In this article, however, I’d like to focus on a much simpler example. One that seems to cause no trouble to the optimiser because all joined tables are from the “log database” only. Let’s use the following setup:
-- This is the database link
CREATE PUBLIC DATABASE LINK LOOPBACK
CONNECT TO TEST IDENTIFIED BY TEST
USING 'ORCLCDB';
-- Just making sure we get all statistics in execution plans
ALTER SESSION SET statistics_level = ALL;
And then, create this schema:
CREATE TABLE t (
a INT NOT NULL,
b INT NOT NULL,
CONSTRAINT pk_t PRIMARY KEY (a)
);
CREATE TABLE u (
a INT NOT NULL,
b INT NOT NULL,
CONSTRAINT pk_u PRIMARY KEY (a)
);
INSERT INTO t
SELECT
level,
level
FROM dual
CONNECT BY level <= 500000;
INSERT INTO u
SELECT
level,
level
FROM dual
CONNECT BY level <= 500000;
CREATE INDEX i_t ON t(b);
ALTER TABLE u ADD CONSTRAINT fk_u FOREIGN KEY (a) REFERENCES t;
EXEC dbms_stats.gather_table_stats('TEST', 'T');
EXEC dbms_stats.gather_table_stats('TEST', 'U');
It’s a really boring emulation of the real schema, and it doesn’t have nearly as many columns / rows. But the essence is:
- There are (at least) two tables
- Both have quite a few rows (that’s important here. I’ll show why, later)
- We’ll use an index for searching rows
- We’ll join by a one-to-many relationship
There may be other setups to reproduce the same issue, of course.
Now, let’s consider the following query (not using the database link yet).
SELECT CASE WHEN EXISTS (
SELECT *
FROM t
JOIN u USING (a)
WHERE t.b BETWEEN 0 AND 1000
) THEN 1 ELSE 0 END
FROM dual
Unfortunately, Oracle doesn’t support boolean types and always requires a
FROM
clause. Otherwise, we could be writing this more concise version, as in PostgreSQL:
SELECT EXISTS (
SELECT *
FROM t
JOIN u USING (a)
WHERE t.b BETWEEN 0 AND 1000
)
We’re checking for the existence of rows in both tables, given a predicate that runs on the previously created index.
As shown in a previous article,
it’s much better to use EXISTS
rather than COUNT(*), in pretty much all databases. The algorithm is optimal, because the usage of the
EXISTS
predicate hints to the optimiser that
a SEMI JOIN can be used instead of an INNER JOIN
--------------------------------------------------------------------------
| Operation | Name | Starts | E-Rows | A-Rows |
--------------------------------------------------------------------------
| SELECT STATEMENT | | 1 | | 1 |
| NESTED LOOPS SEMI | | 1 | 4 | 1 |
| TABLE ACCESS BY INDEX ROWID BATCHED| T | 1 | 1000 | 1 |
| INDEX RANGE SCAN | I_T | 1 | 1000 | 1 |
| INDEX UNIQUE SCAN | PK_U | 1 | 333K| 1 |
| FAST DUAL | | 1 | 1 | 1 |
--------------------------------------------------------------------------
Some observations:
So, this is optimal (until I learn a new trick, of course).
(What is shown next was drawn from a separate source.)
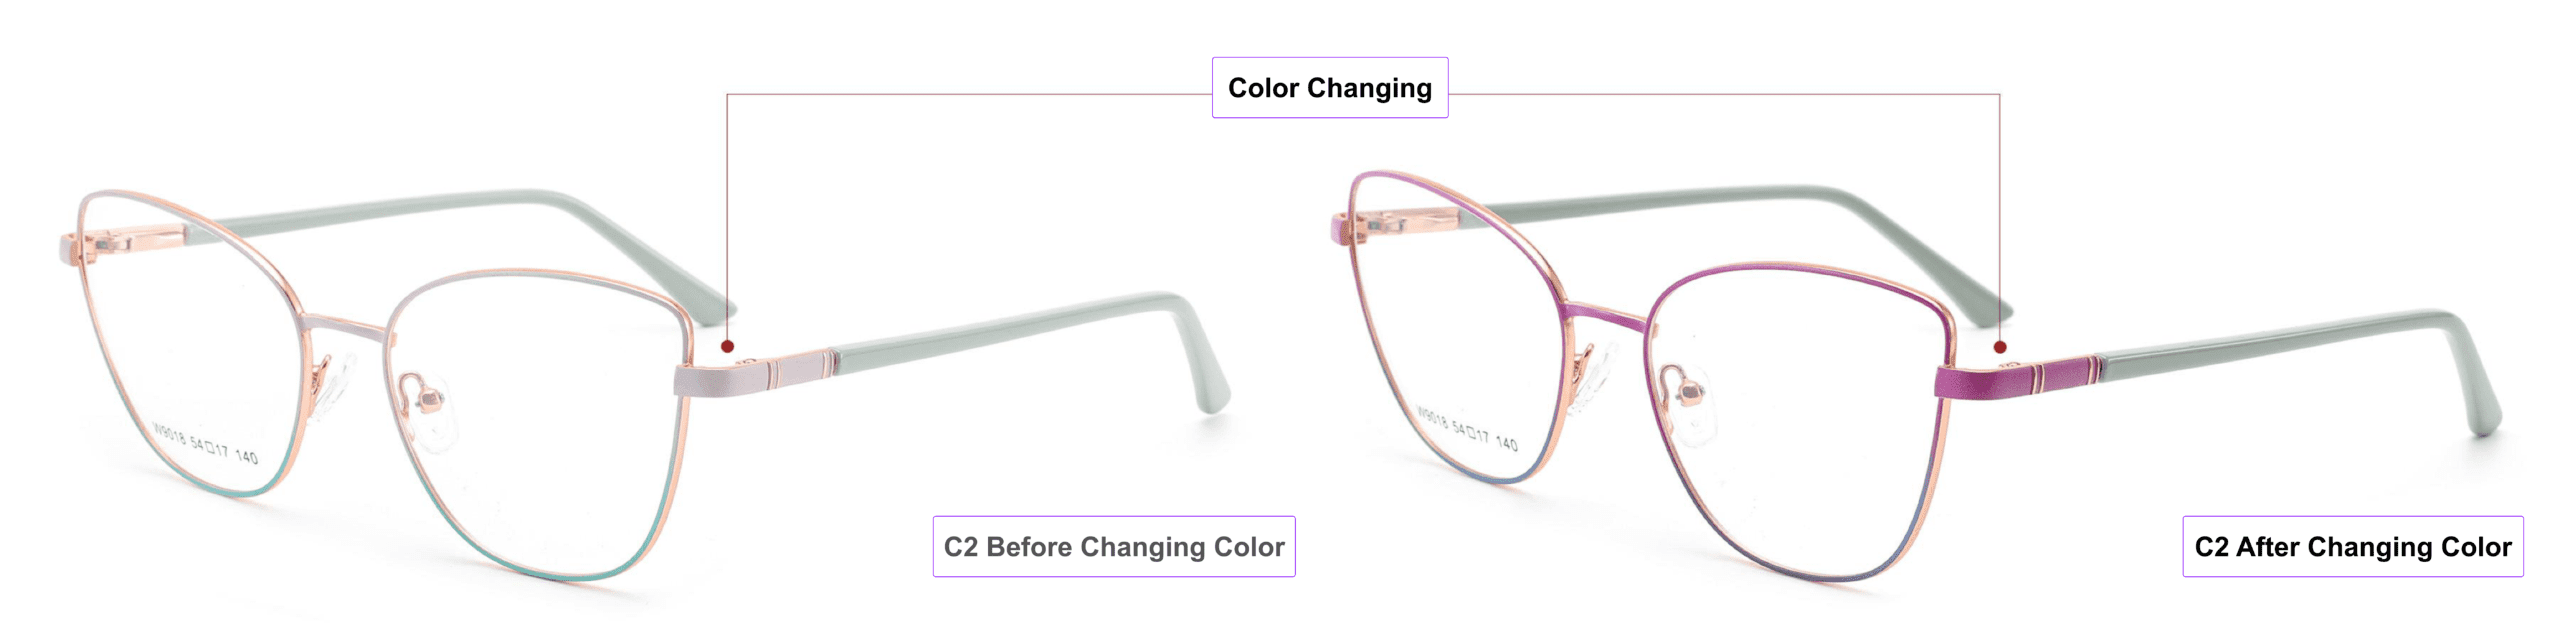 Color Changing, Cat Eye, Eyeglass Frames, mist blue, lavender, rose pink, China glasses frames
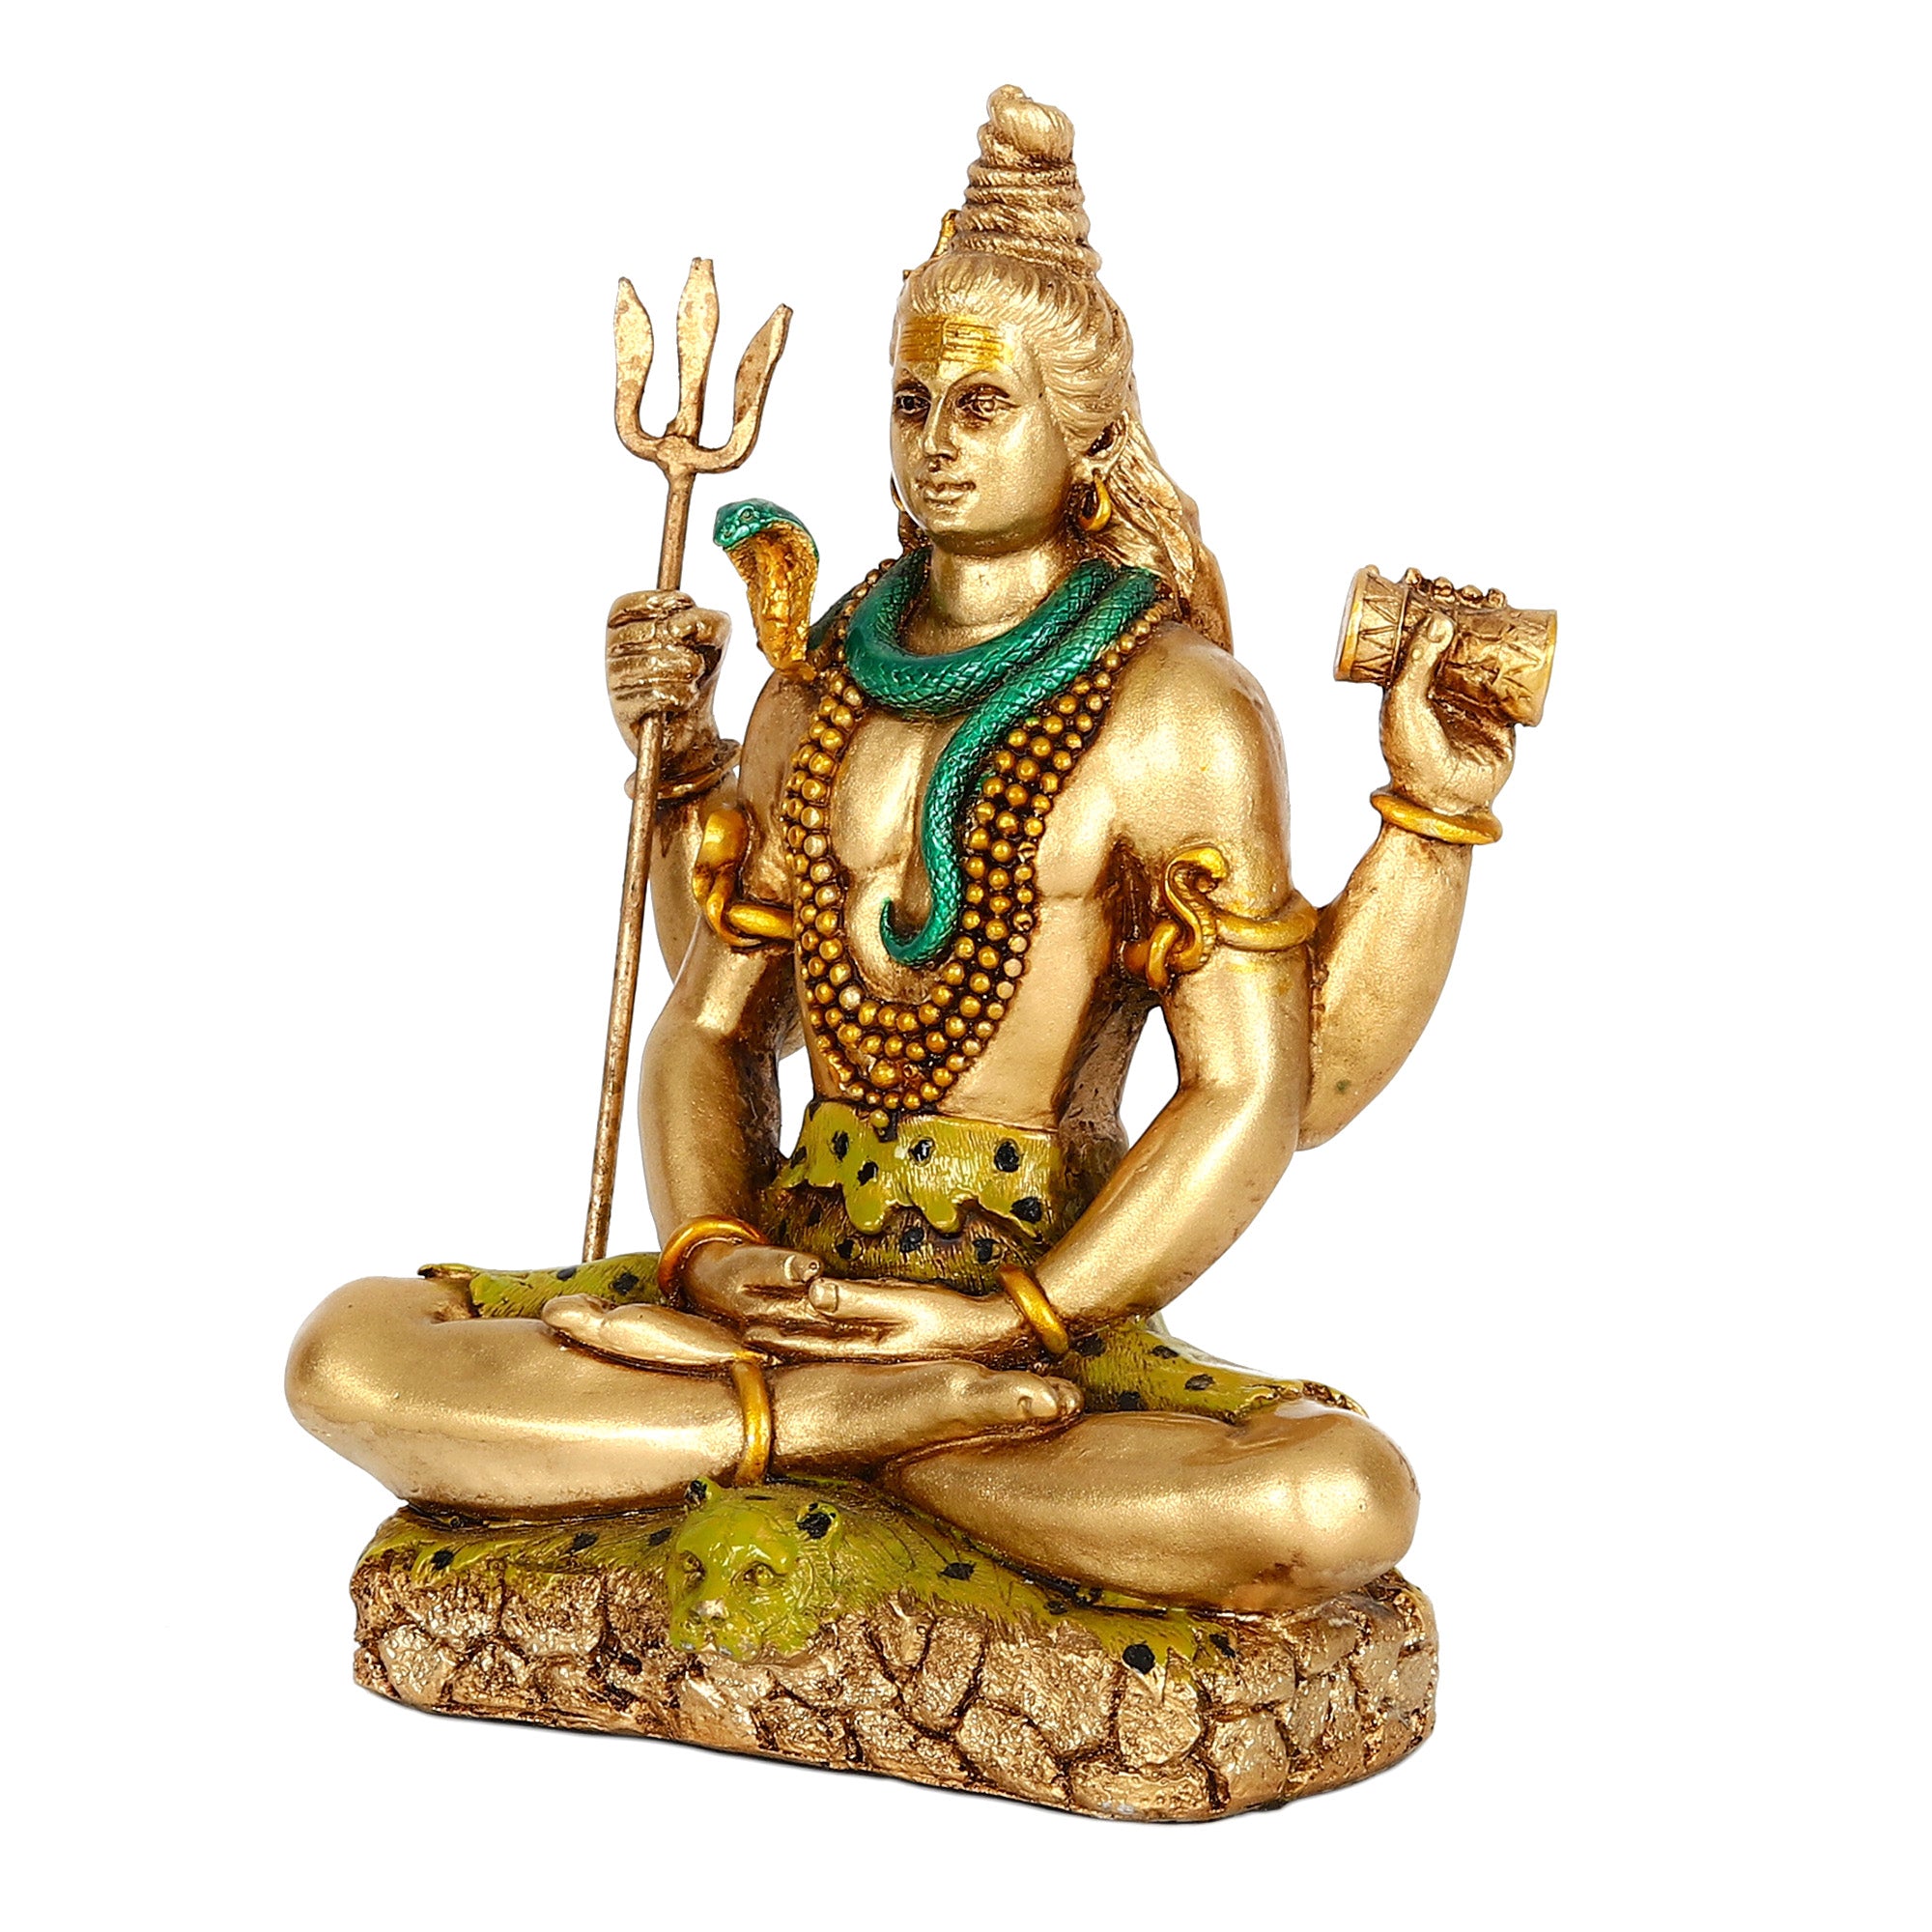 Meditating Lord Shiva Murti

Let’s bring in database links
Assuming that these two tables are on a remote database, we might naively proceed with writing this query:
SELECT CASE WHEN EXISTS (
SELECT *
FROM t@loopback
JOIN u@loopback USING (a)
WHERE t.b BETWEEN 0 AND 1000
) THEN 1 ELSE 0 END
FROM dual;
So now, we’re selecting from
T@LOOPBACK
and
U@LOOPBACK
, but the rest is exactly the same. For the sake of simplicity, I’m running this reproduction on the same instance, thus “LOOPBACK”. The logical impact is the same, though.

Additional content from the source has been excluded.